Поэтому я призываю читателя, который почувствует, что его слишком шокирует слово кристаллизация, закрыть книгу. На мое большое счастье, я не стремлюсь иметь много читателей. Мне приятно было бы очень понравиться тридцати или сорока парижанам, которых я никогда не увижу, но которых безумно люблю, даже не будучи с ними знаком. Например, некой юной г-же Ролан, тайком читающей книгу, которую она при малейшем шуме быстро прячет в выдвижных ящиках рабочего стола своего отца, гравирующего корпус часов. Душа, подобная душе г-жи Ролан, надеюсь, простит мне не только слово кристаллизация, употребляемое для выражения акта безумия, делающего для нас видимыми все красоты, все виды совершенства в женщине, которую мы начинаем любить, но и целый ряд слишком смелых намеренных пропусков в тексте. Остается только взять карандаш и вписать между строк пять или шесть недостающих слов.
Нечаянная реплика, в которой для меня яснее проявляется нежная, щедрая, пылкая душа или, как ее упрощенно называют, романтическая душа [12], по-королевски счастливая от простой радости прогуливаться вдвоем с возлюбленным в полночь в отдаленном лесу, тоже заставляет меня мечтать всю ночь напролет [13].
[12] Все ее поступки тотчас же приобрели в моих глазах те небесные черты, которые сразу же делают человека существом особенным, отличают его от всех остальных. Мне казалось, что я читаю в ее глазах жажду более возвышенного счастья, неосознанную грусть, стремление к чему-то лучшему, чем то, что мы находим в этом мире, ту меланхолию, что в любом положении, в которое превратности судьбы и революций могут поставить романтическую душу,
…Still prompts the celestial sight,For which we wish to live or dare to die[4].Ultima lettera di Bianca a sua madre. Forli, 1817[5].
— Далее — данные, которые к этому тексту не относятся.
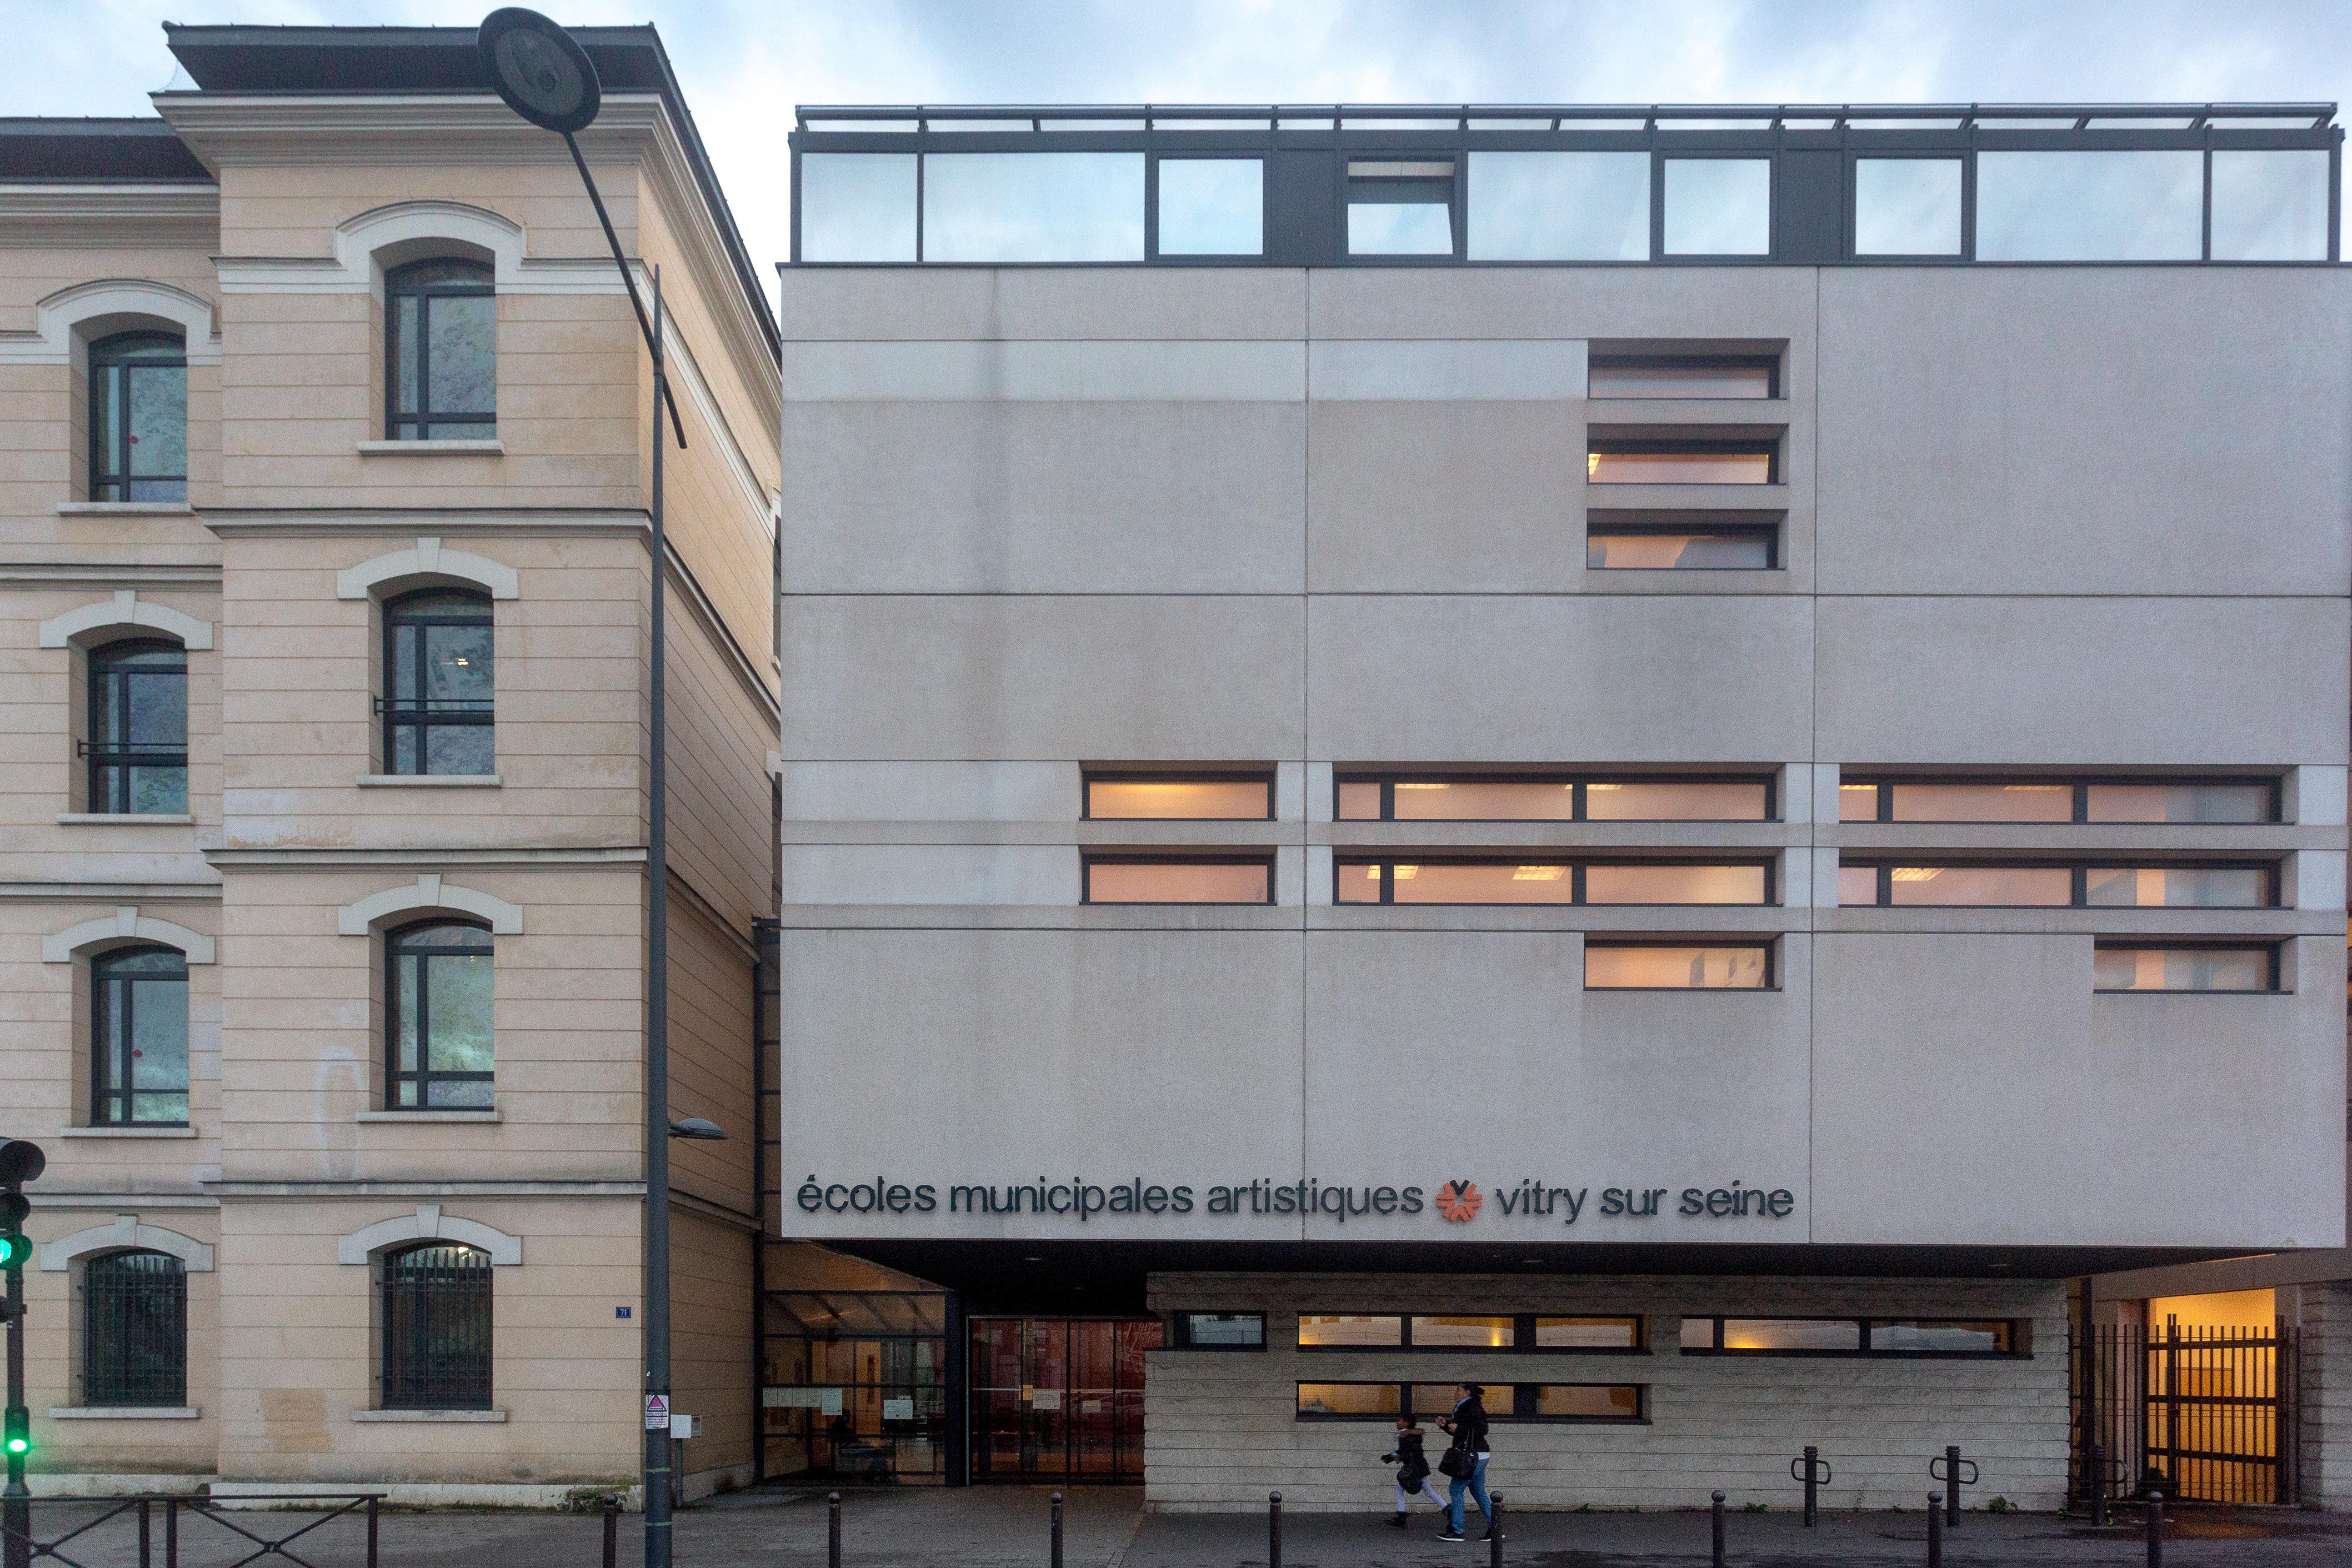 Écoles municipales artistiques de Vitry-sur-Seine

[13] Ради краткости и изображения внутреннего движения души автор использует формулу «я», передавая целый ряд ощущений, не относящихся лично к нему; с ним самим не случалось ничего такого, что заслуживало бы упоминания.
Он отзовется о моей возлюбленной как о недотроге; я отзовусь о его возлюбленной как о девке.
Глава IV
В совершенно безмятежной душе – у юной девушки, живущей в уединенном замке в сельской глуши, – малейшая неожиданность может вызвать легкое восхищение, а если возникнет самая слабая надежда, то она породит любовь и кристаллизацию.
В этом случае любовь поначалу нравится, как нечто занимательное.
Удивлению и надежде в значительной степени способствуют потребность в любви и грусть, свойственные нам в шестнадцать лет. Достаточно известно, что треволнения этого возраста связаны с жаждой любви, а природа жажды состоит в том, чтобы не проявлять излишнюю разборчивость в отношении напитка, который преподносит случай.
Давайте подытожим семь этапов любви; это:
1. Восхищение.
2. Невероятное наслаждение и т. д.
3. Надежда.
4. Зарождение любви.
5. Первая кристаллизация.
6. Появление сомнения.
7. Вторая кристаллизация.
Между № 1 и № 2 может пройти год.
Между № 2 и № 3 – месяц; если надежда не спешит приходить, то человек мало-помалу отказывается от № 2, будто бы приносящего несчастье.
Между № 3 и № 4 – один миг.
Между № 4 и № 5 нет временного интервала. Их может разделить только интимная близость.
Между № 5 и № 6 может пройти несколько дней, в зависимости от степени буйности и дерзости нрава, а между № 6 и № 7 нет временного интервала.
Глава V
Человек не волен не совершать то, что доставляет ему больше удовольствия, чем все остальные возможные действия [14].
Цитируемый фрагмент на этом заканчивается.